Search code examples
pythonpandasmeanpython-datetime

computing the mean for python datetime


I have a datetime attribute:

d = {
    'DOB': pd.Series([
        datetime.datetime(2014, 7, 9),
        datetime.datetime(2014, 7, 15),
        np.datetime64('NaT')
    ], index=['a', 'b', 'c'])
}
df_test = pd.DataFrame(d)

I would like to compute the mean for that attribute. Running mean() causes an error:

TypeError: reduction operation 'mean' not allowed for this dtype

I also tried the solution proposed elsewhere. It doesn't work as running the function proposed there causes

OverflowError: Python int too large to convert to C long

What would you propose? The result for the above dataframe should be equivalent to

datetime.datetime(2014, 7, 12).

Solution

  • You can take the mean of Timedelta. So find the minimum value and subtract it from the series to get a series of Timedelta.
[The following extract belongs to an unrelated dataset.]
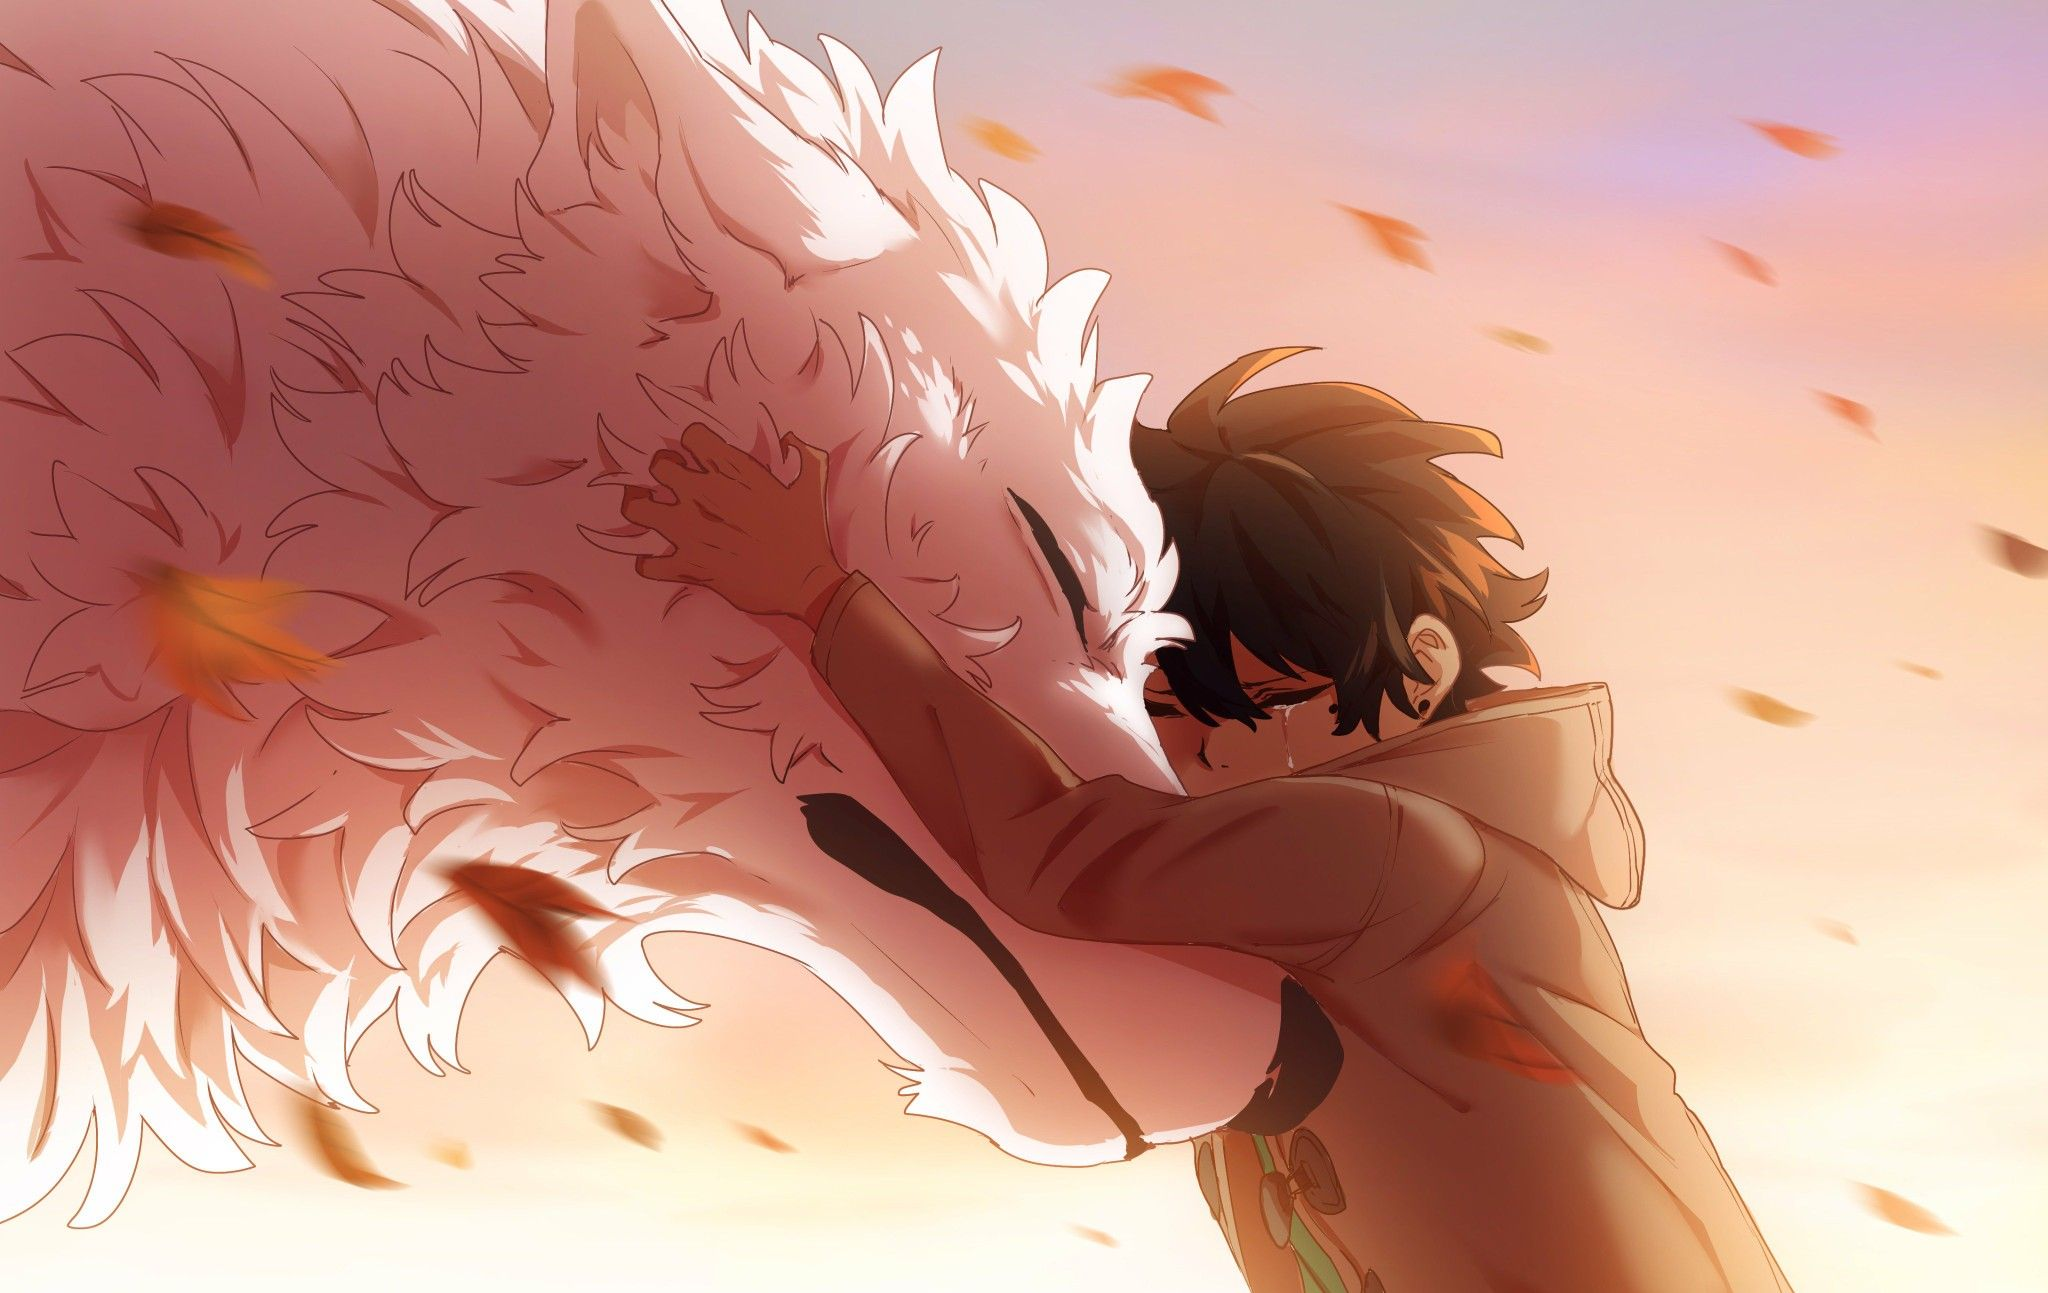 Lumine And Kody From Webtoon Emma Krogell Anime

Then take the mean and add it back to the minimum.

    dob = df_test.DOB
    m = dob.min()
    (m + (dob - m).mean()).to_pydatetime()
    
    datetime.datetime(2014, 7, 12, 0, 0)
    

    One-line

    df_test.DOB.pipe(lambda d: (lambda m: m + (d - m).mean())(d.min())).to_pydatetime()
    

    To @ALollz point

    I use the epoch pd.Timestamp(0) instead of min

    df_test.DOB.pipe(lambda d: (lambda m: m + (d - m).mean())(pd.Timestamp(0))).to_pydatetime()